Multi-dimensional Approximate Counting

The celebrated Morris counter uses $\log_2\log_2 n + O(\log_2 \sigma^{-1})$ bits to count up to $n$ with a relative error $\sigma$, where if $\hat{\lambda}$ is the estimate of the current count $\lambda$, then $\mathbb{E}|\hat{\lambda}-\lambda|^2 <\sigma^2\lambda^2$. A natural generalization is \emph{multi-dimensional} approximate counting. Let $d\geq 1$ be the dimension. The count vector $x\in \mathbb{N}^d$ is incremented entry-wisely over a stream of coordinates $(w_1,\ldots,w_n)\in [d]^n$, where upon receiving $w_k\in[d]$, $x_{w_k}\gets x_{w_k}+1$. A \emph{$d$-dimensional approximate counter} is required to count $d$ coordinates simultaneously and return an estimate $\hat{x}$ of the count vector $x$. Aden-Ali, Han, Nelson, and Yu \cite{aden2022amortized} showed that the trivial solution of using $d$ Morris counters that track $d$ coordinates separately is already optimal in space, \emph{if each entry only allows error relative to itself}, i.e., $\mathbb{E}|\hat{x}_j-x_j|^2<\sigma^2|x_j|^2$ for each $j\in [d]$. However, for another natural error metric -- the \emph{Euclidean mean squared error} $\mathbb{E} |\hat{x}-x|^2$ -- we show that using $d$ separate Morris counters is sub-optimal. In this work, we present a simple and optimal $d$-dimensional counter with Euclidean relative error $\sigma$, i.e., $\mathbb{E} |\hat{x}-x|^2 <\sigma^2|x|^2$ where $|x|=\sqrt{\sum_{j=1}^d x_j^2}$, with a matching lower bound. The upper and lower bounds are proved with ideas that are strikingly simple. The upper bound is constructed with a certain variable-length integer encoding and the lower bound is derived from a straightforward volumetric estimation of sphere covering.

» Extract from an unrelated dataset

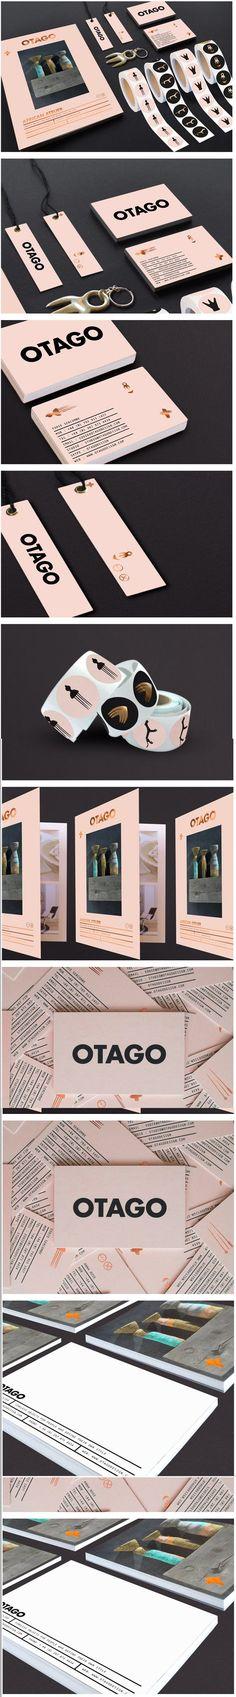 Otago Branding | Fivestar Branding – Design and Branding Agency & Inspiration Gallery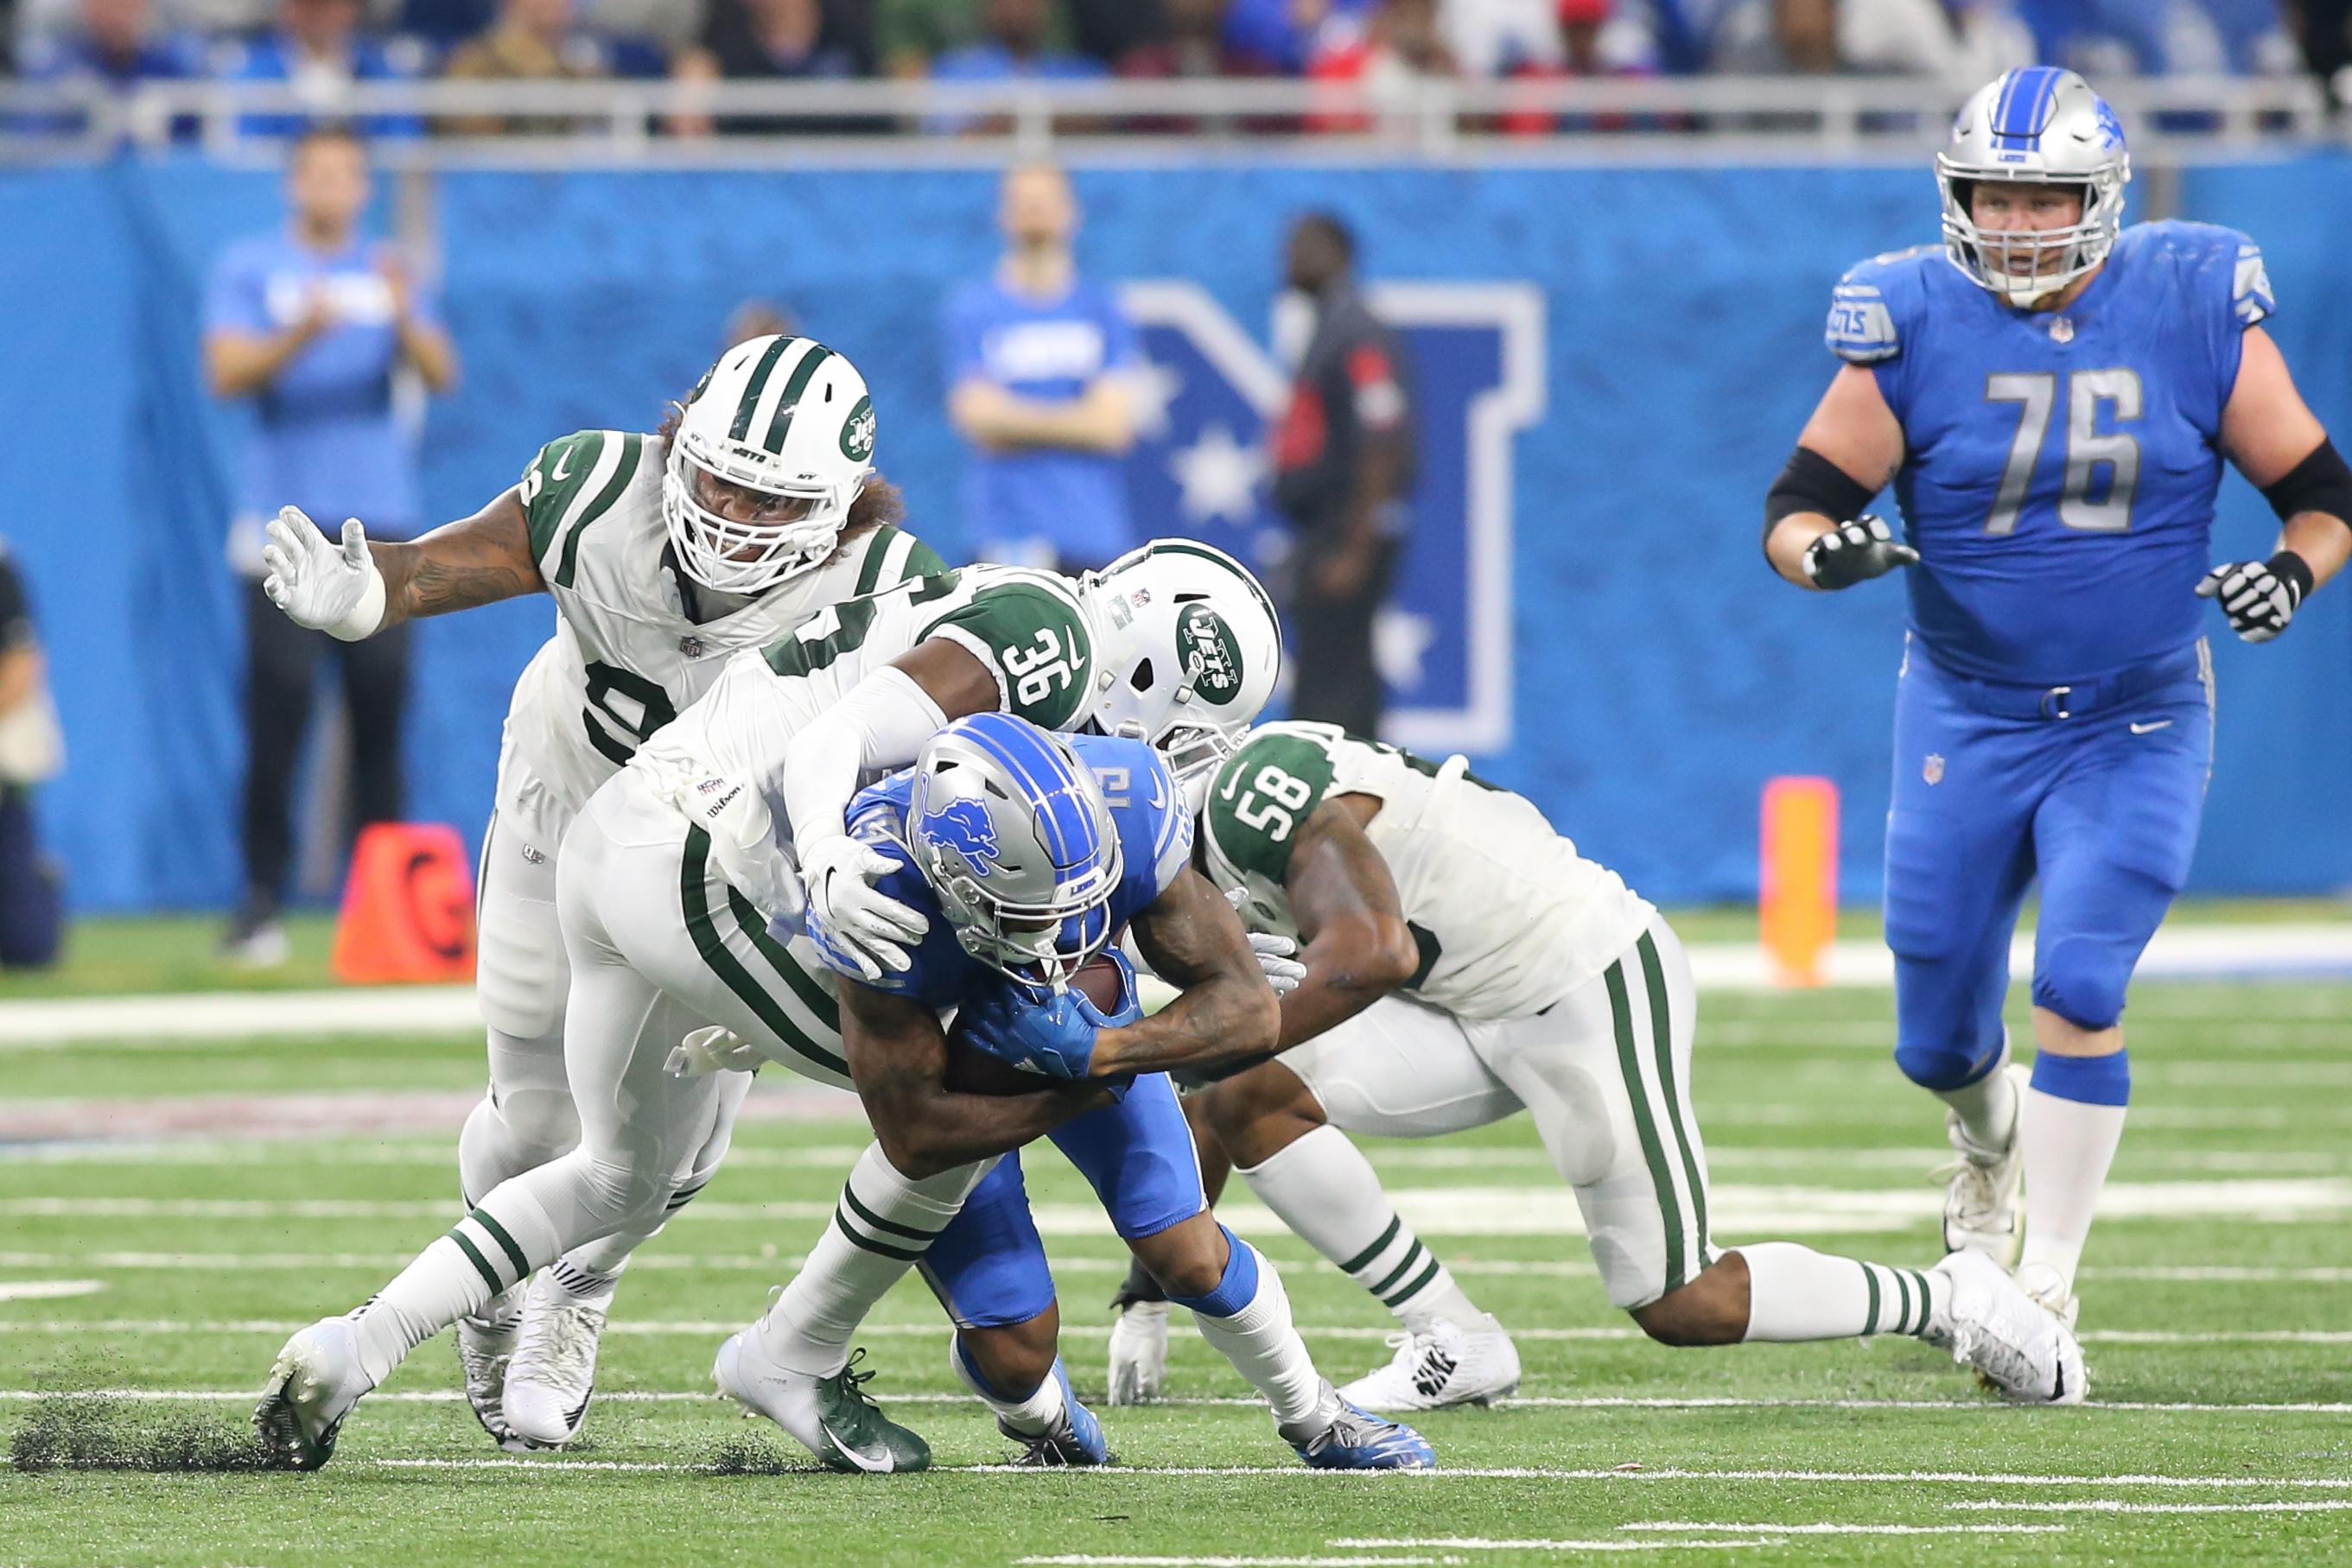 NFL: SEP 10 Jets at Lions

翻译：著名的 Morris 计数器使用 $\log_2\log_2 n + O(\log_2 \sigma^{-1})$ 比特来计数至 $n$，其相对误差为 $\sigma$，其中若 $\hat{\lambda}$ 是当前计数 $\lambda$ 的估计值，则满足 $\mathbb{E}|\hat{\lambda}-\lambda|^2 <\sigma^2\lambda^2$。一个自然的推广是\emph{多维}近似计数。令 $d\geq 1$ 为维度。计数向量 $x\in \mathbb{N}^d$ 在坐标流 $(w_1,\ldots,w_n)\in [d]^n$ 上按分量递增，即每当接收到 $w_k\in[d]$，执行 $x_{w_k}\gets x_{w_k}+1$。一个\emph{$d$维近似计数器}需要同时计数 $d$ 个坐标并返回计数向量 $x$ 的一个估计值 $\hat{x}$。Aden-Ali、Han、Nelson 和 Yu \cite{aden2022amortized} 证明，如果每个分量只允许相对于其自身的误差，即对于每个 $j\in [d]$ 满足 $\mathbb{E}|\hat{x}_j-x_j|^2<\sigma^2|x_j|^2$，那么使用 $d$ 个独立的 Morris 计数器分别追踪 $d$ 个坐标的平凡方案在空间上已经是最优的。然而，对于另一个自然的误差度量——\emph{欧几里得均方误差} $\mathbb{E} |\hat{x}-x|^2$——我们证明使用 $d$ 个独立的 Morris 计数器是次优的。在这项工作中，我们提出了一种简单且最优的 $d$ 维计数器，其欧几里得相对误差为 $\sigma$，即满足 $\mathbb{E} |\hat{x}-x|^2 <\sigma^2|x|^2$，其中 $|x|=\sqrt{\sum_{j=1}^d x_j^2}$，并给出了匹配的下界。上下界的证明思路异常简洁。上界通过一种特定的变长整数编码构造，下界则源于对球覆盖体积的直接估计。